RNA‐Seq and Recurrence Risk Testing for Breast Cancer: Implications for Patient Education

Abstract

Rapid advances in RNA­seq technology and bioinformatic analysis of gene expression has normalized the use of precision diagnostics and recurrence risk testing for breast cancer patients. While these diagnostic approaches have numerous benefits, patients often lack the scientific literacy to evaluate data models ‐ and their uncertainties ‐ for enhancing their health decision‐making. To increase access to scientific knowledge for stakeholders, we designed an educational module that evaluates the validity of RNA‐seq gene expression as a tool for subtyping and determining the prognostic signature of a human breast tumor. Using a crowdsourced approach in the context of an undergraduate course, we recreated the workflow of prominent precision oncology companies ‐ we prepared a whole transcriptome library from a single breast cancer patient, and used multiplex sequencing on twelve uniquely barcoded Illumina preparations. Datasets obtained from the sequencing were subjected to quality control analysis using the Green Line of DNA Subway (FAST QC, FAST X, Kallisto, Sleuth algorithms). Log­ transformed gene expression ratios were used to determine the molecular subtype of the tumor.

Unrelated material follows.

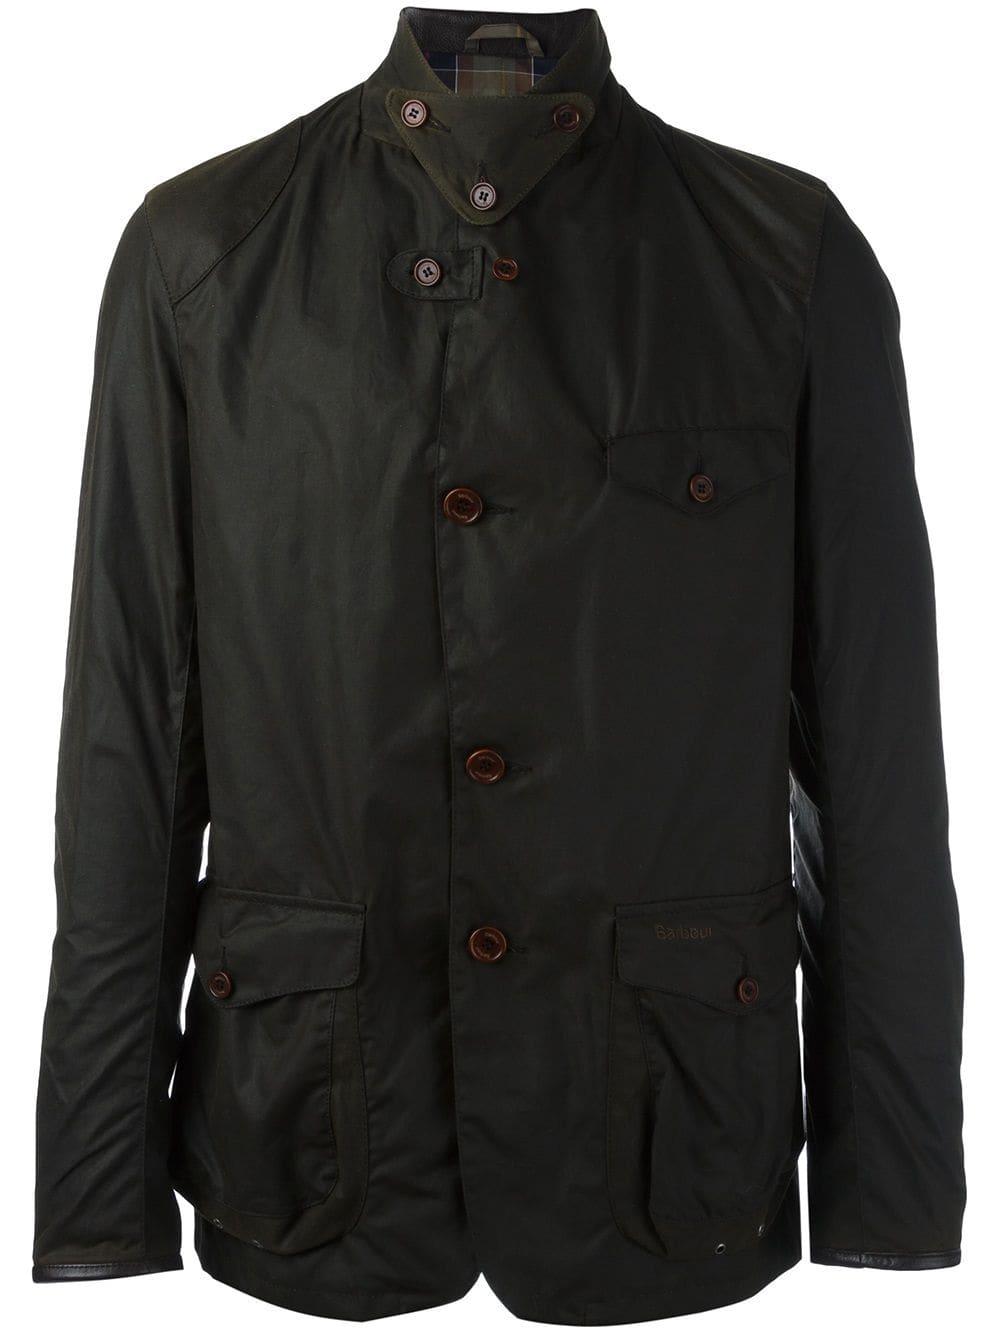 Barbour Cotton 'beacon' Jacket in Green for Men - Lyst

To calculate the recurrence risk, the Oncotype DX model was used, including 16 cancer genes and 5 reference genes. Results from the proof‐of‐concept experiment indicated significant overexpression of ER and PR genes (p<0.01) and concomitant underexpression of HER2 and Ki67 genes (p<0.01), consistent with a Luminal A tumor subtype. The Oncotype DX score was >25, suggesting high risk for 10 year distant recurrence (95% CI). Further exploration of the model indicated that normalization to aberrantly expressed reference genes can greatly skew the recurrence risk calculation, highlighting limits to the predictive power of this tool. Taken together, our findings illustrate the validity of RNA‐seq‐based tumor subtyping through an educational module, and underscores the importance of equitable access to genomics education as a form of patient self‐empowerment and decision‐making. We discuss the future implications of this work for education and policy.